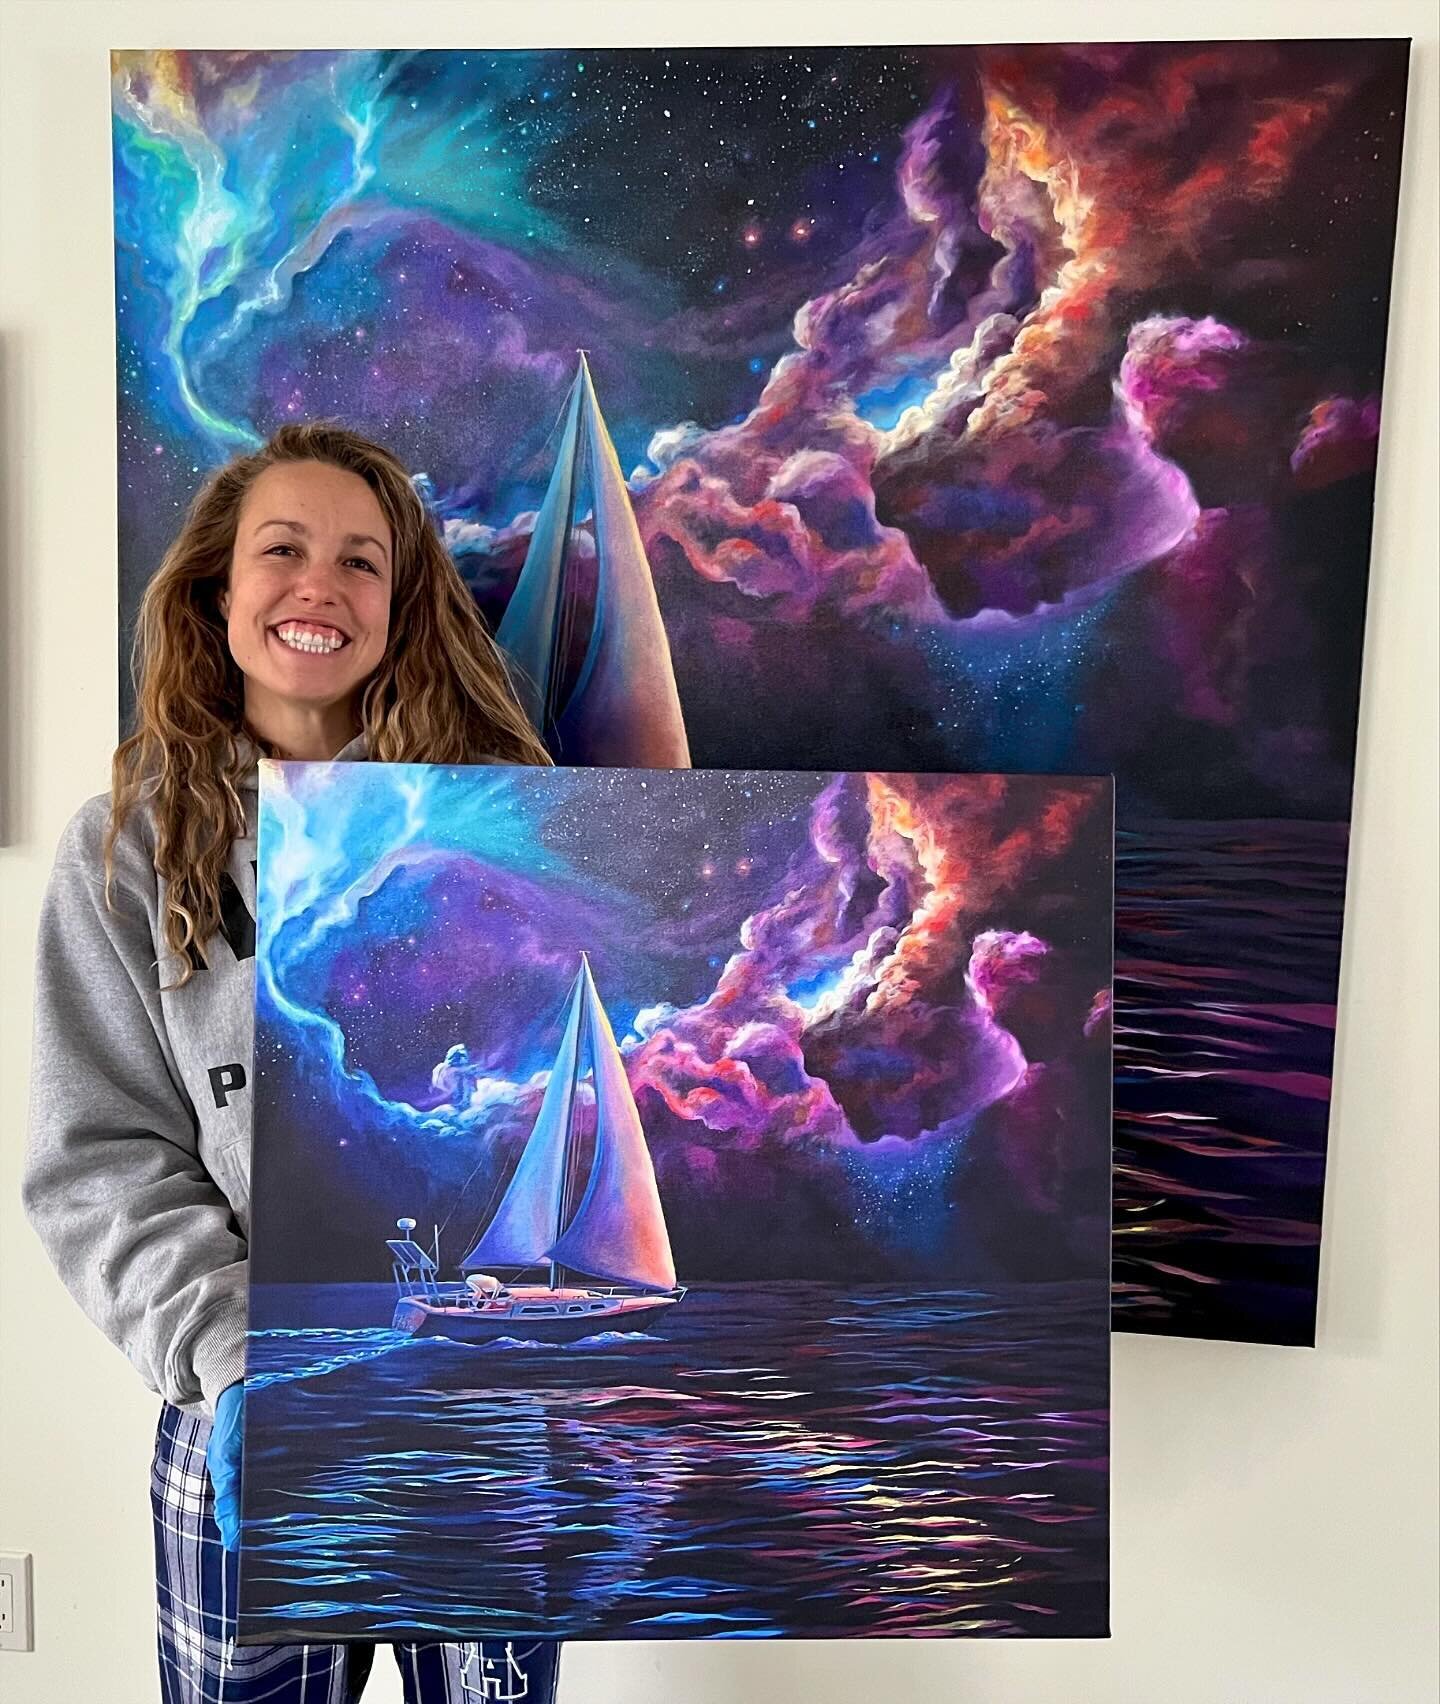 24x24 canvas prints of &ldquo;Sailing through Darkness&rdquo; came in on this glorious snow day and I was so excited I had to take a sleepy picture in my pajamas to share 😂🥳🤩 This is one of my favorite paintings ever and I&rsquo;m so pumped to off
—————
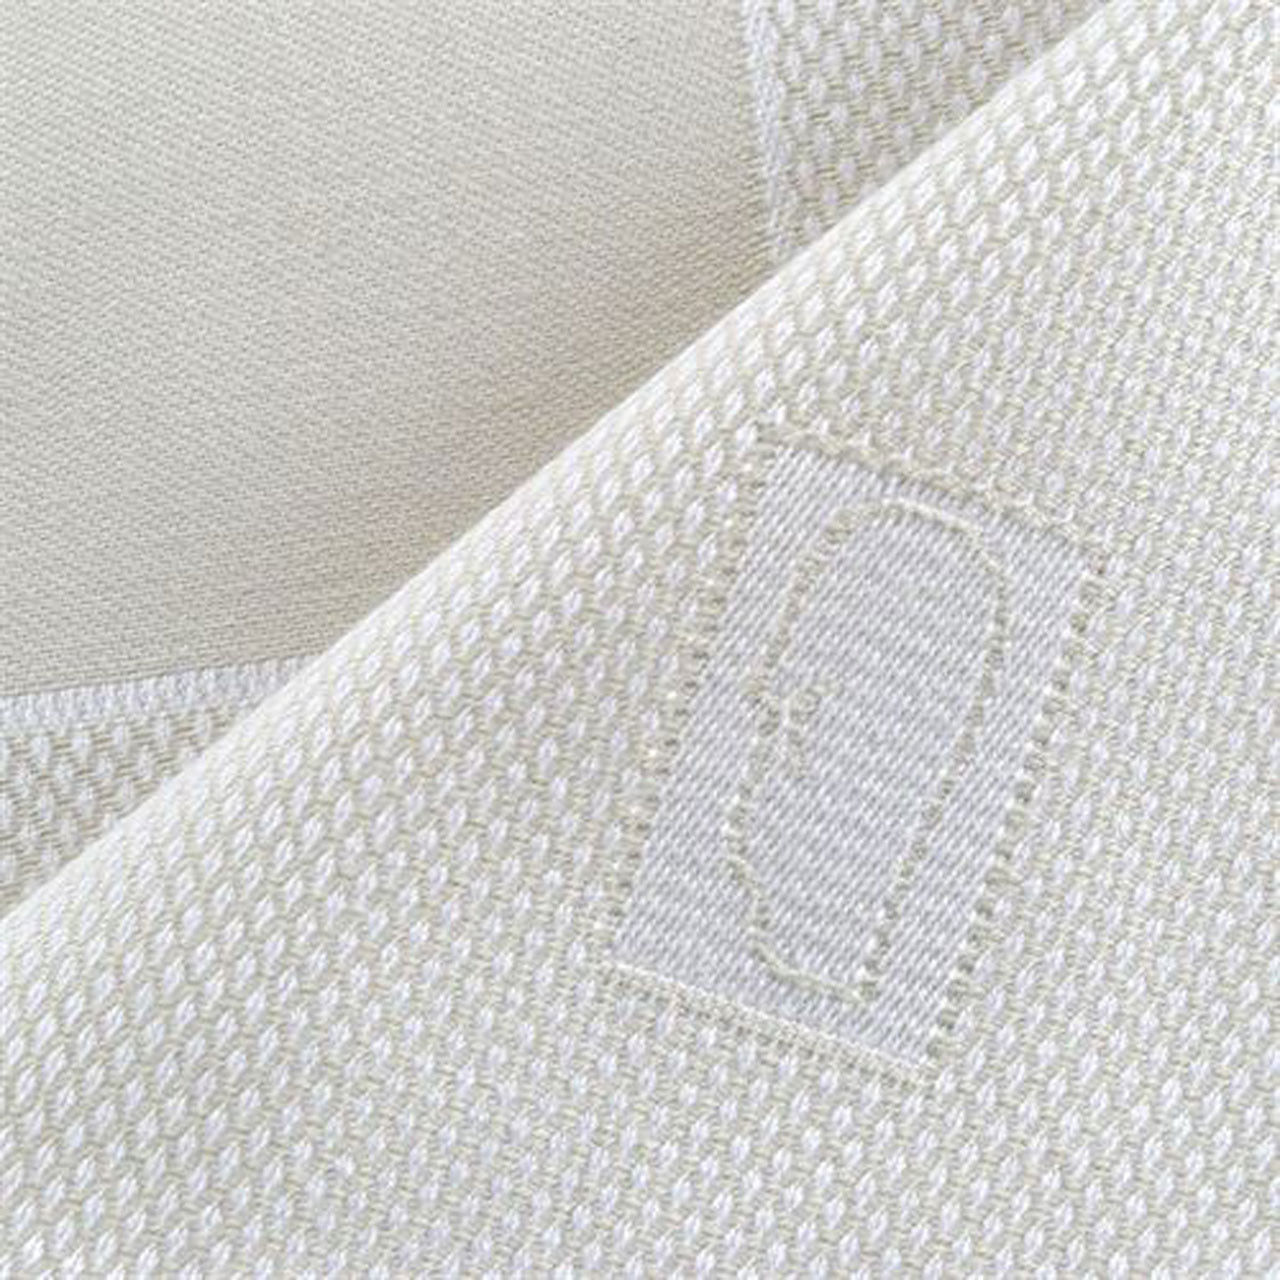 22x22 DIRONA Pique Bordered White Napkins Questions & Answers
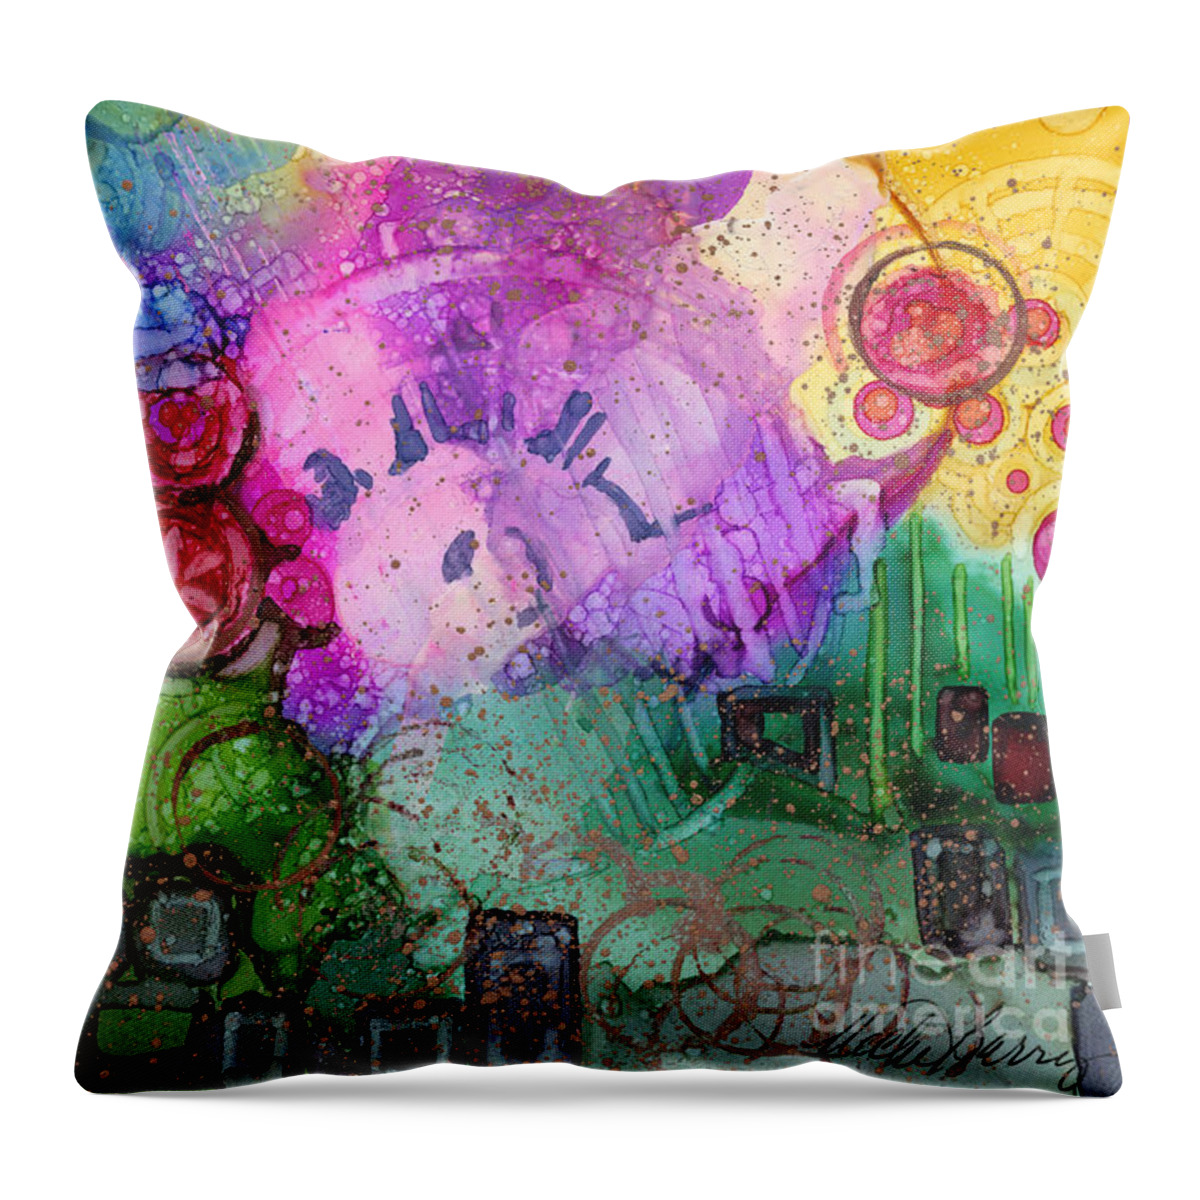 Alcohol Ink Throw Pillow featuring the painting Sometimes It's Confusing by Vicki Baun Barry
—————
In the listing above, find the line containing "22x22 DIRONA Pique" and the line containing "Alcohol Ink Throw", then output those two lines and everything between them exactly as written, without the images.

 22x22 DIRONA Pique Bordered White Napkins Questions & Answers
 Alcohol Ink Throw Pillow featuring the painting Sometimes It's Confusing by Vicki Baun Barry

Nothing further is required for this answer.